En otras palabras, el Banco Central se cubrió ante la posibilidad de que la promesa presidencial no se concrete. El informe también ratificó los cambios en el esquema de bandas cambiarias. A partir del 1° de enero de 2026, las bandas dejarán de ajustarse al 1% mensual y pasarán a estar indexadas al último dato de inflación.
Respecto a la acumulación de reservas, el BCRA planteó que el monto de compra diario estará alineado con una participación del 5% del volumen del mercado de cambios. De manera complementaria, podrá realizar compras en bloque que de otra manera podrían afectar el funcionamiento del mercado.
El documento enfatizó que la nueva etapa está caracterizada por la perspectiva de re-monetización de la economía, que busca compatibilizar el crecimiento económico con la estabilidad de precios y el fortalecimiento de las reservas líquidas, en línea con las exigencias del FMI y el gobierno de Estados Unidos.

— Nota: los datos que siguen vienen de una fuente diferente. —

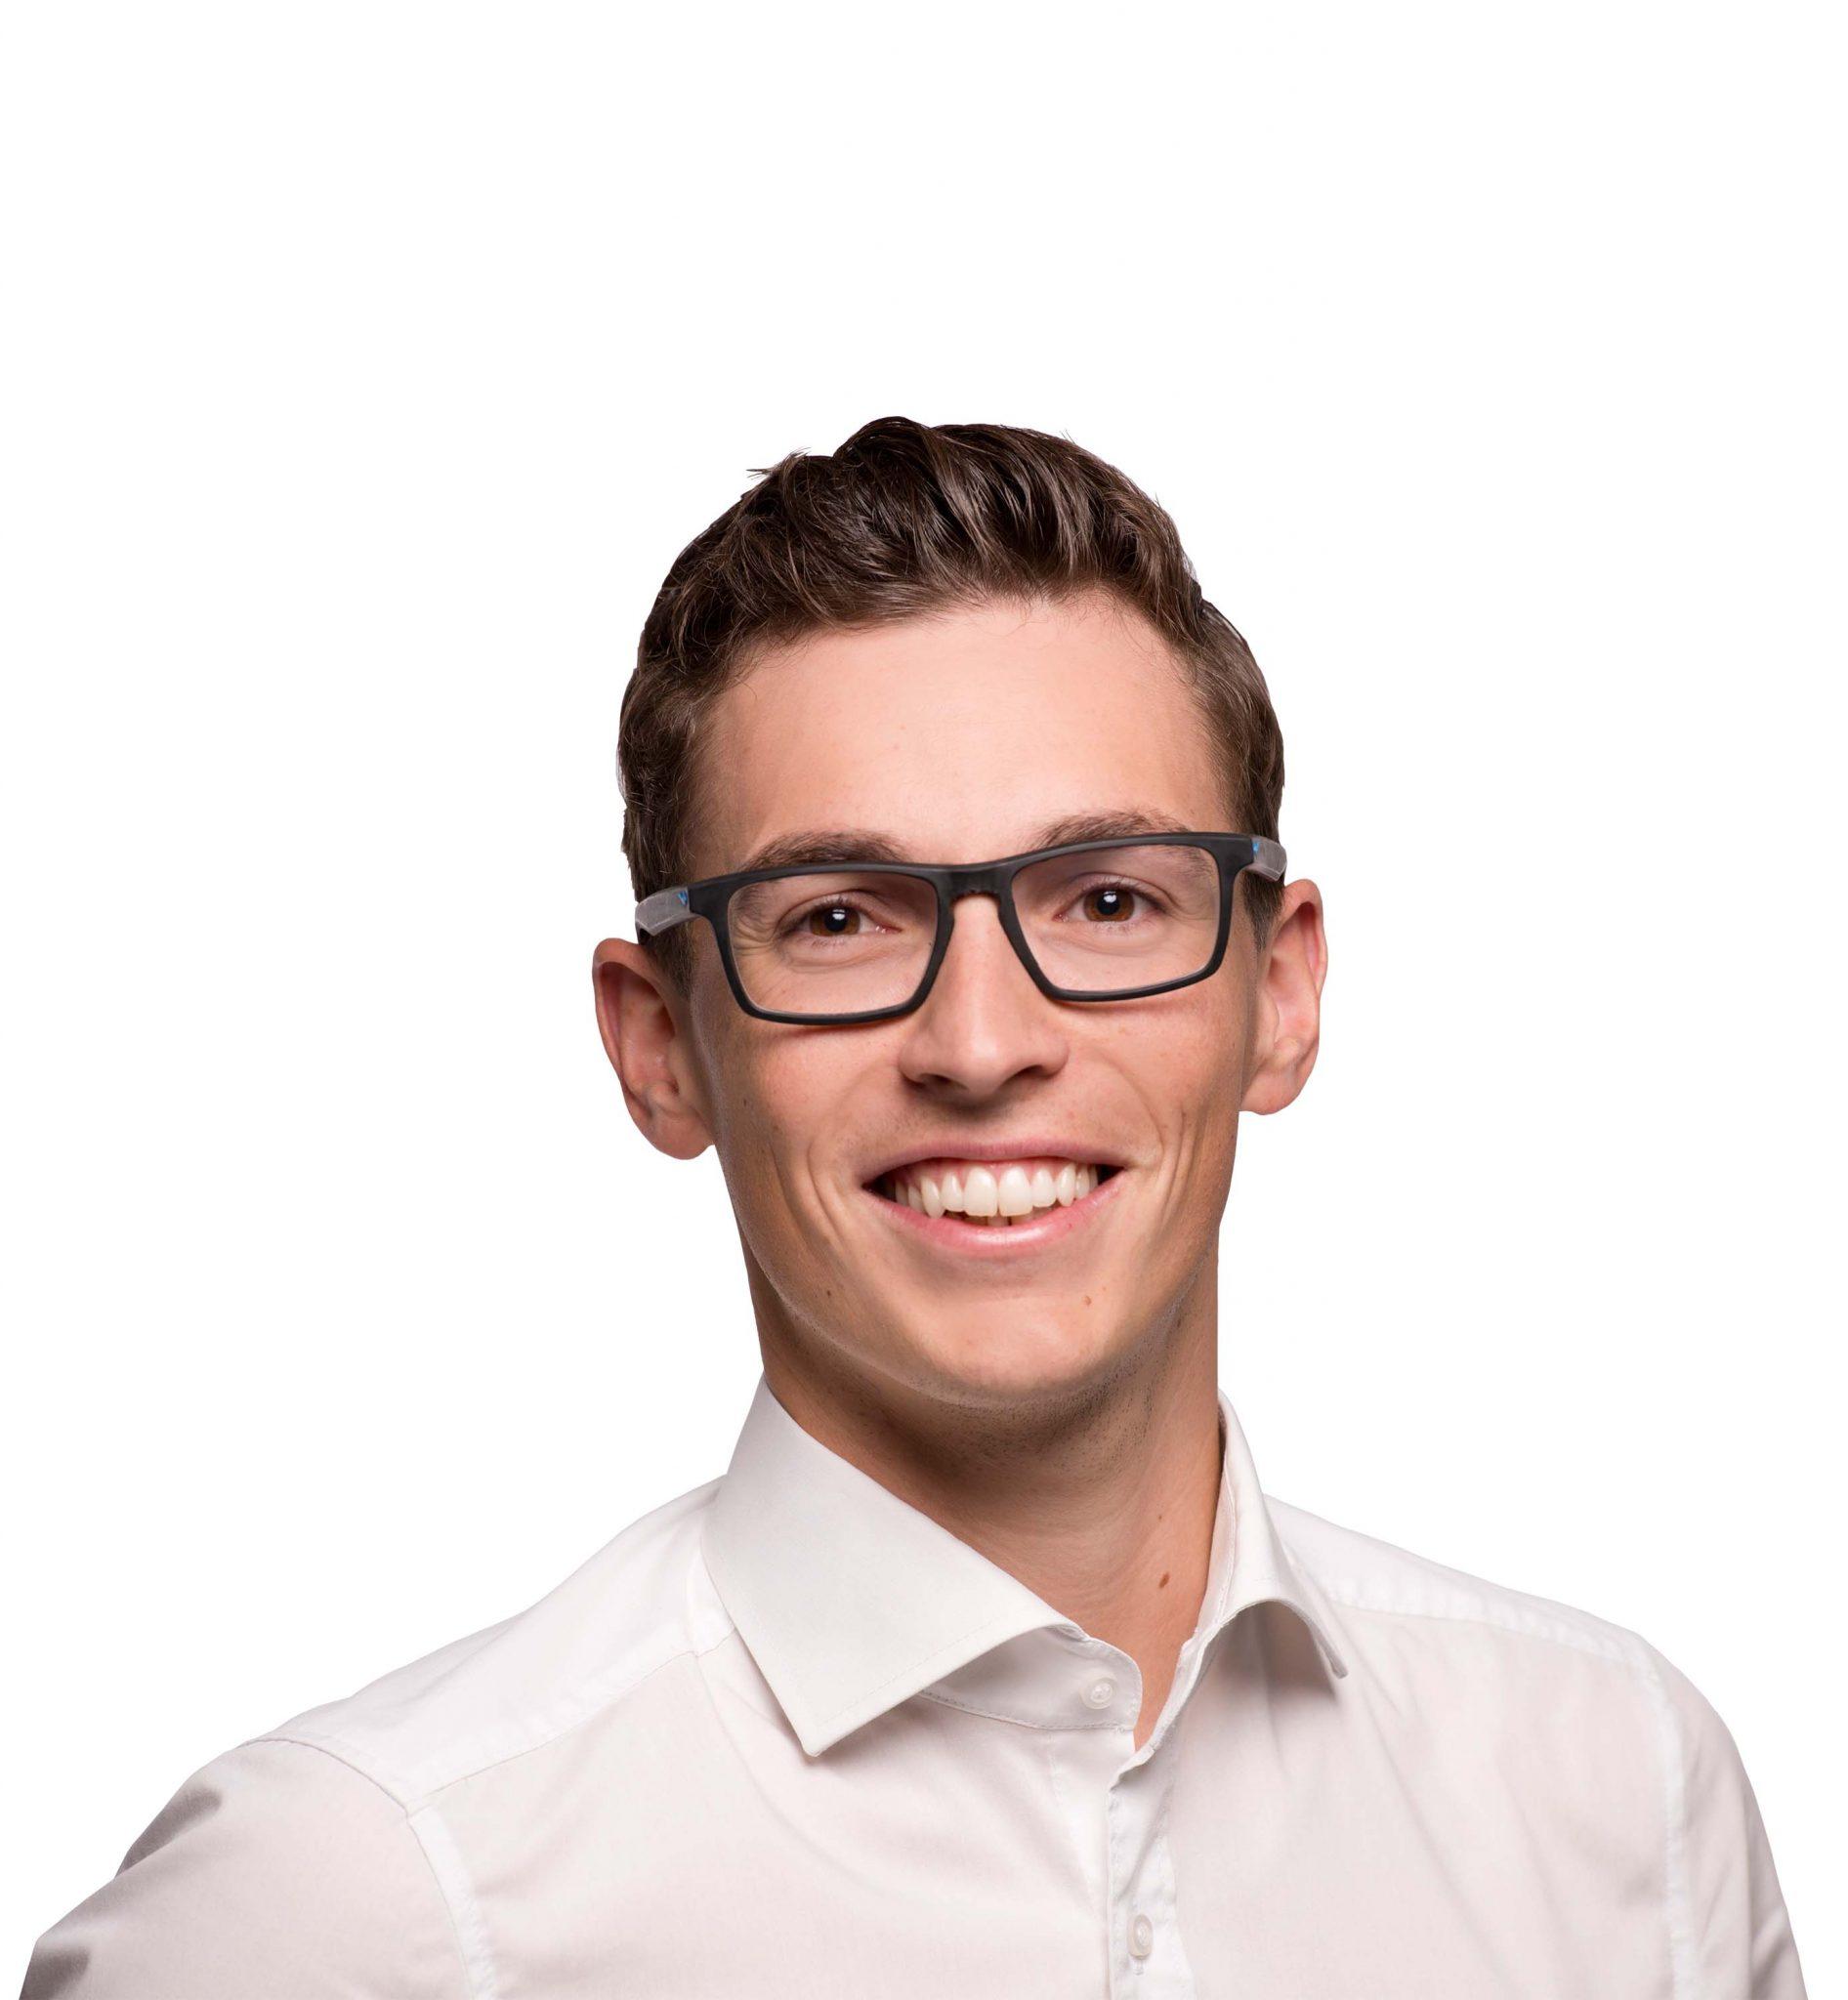 Markus Moser von Smart Learning

Para ello, señaló que será fundamental la “recuperación del acceso a los mercados internacionales de deuda para refinanciar los vencimientos de capital“, tanto del sector público como de las empresas.
Este condicionamiento del BCRA contradice la promesa original de Milei, quien en febrero había asegurado que el cepo se levantaría “sin la ayuda del Fondo Monetario Internacional” y que incluso, con desembolsos del FMI, podría hacerse más rápido.
Lo cierto es que el año 2025 estuvo marcado por idas y vueltas en la política cambiaria. En abril, el Gobierno intentó avanzar con la suspensión de obstáculos para la compra de divisas por parte de personas físicas.
El presidente celebró la medida como una eliminación “para siempre”, pero apenas cinco meses después, el Banco Central reactivó parte de aquellas limitaciones e instaló una restricción cruzada que impide el “rulo” de los compradores.
Aquella reinstalación de restricciones se produjo un viernes 26 de septiembre, menos de un mes antes de las elecciones legislativas y con un panorama complicado para el oficialismo tras la derrota en la Provincia de Buenos Aires.
Cuatro días después, el Gobierno endureció aún más el cepo con una nueva prohibición: el 30 de septiembre, Milei ordenó que las billeteras virtuales ya no puedan vender dólar oficial. La medida, determinaba que la compra-venta de dólares solo podría realizarse a través de entidades autorizadas, excluyendo a Mercado Pago y otras plataformas.
Con todas estas idas y vueltas, y con el Banco Central ahora condicionando la salida del cepo al acceso a mercados internacionales, la promesa de Milei de que “el 1° de enero de 2026 no existirá el cepo” parece más lejana que nunca.
El 2 de enero de 2026 comenzará con las restricciones cambiarias vigentes, un ministro de Economía consumiendo dólares para contener el tipo de cambio, y un vencimiento de deuda que amenaza con complicar aún más el panorama económico del Gobierno libertario.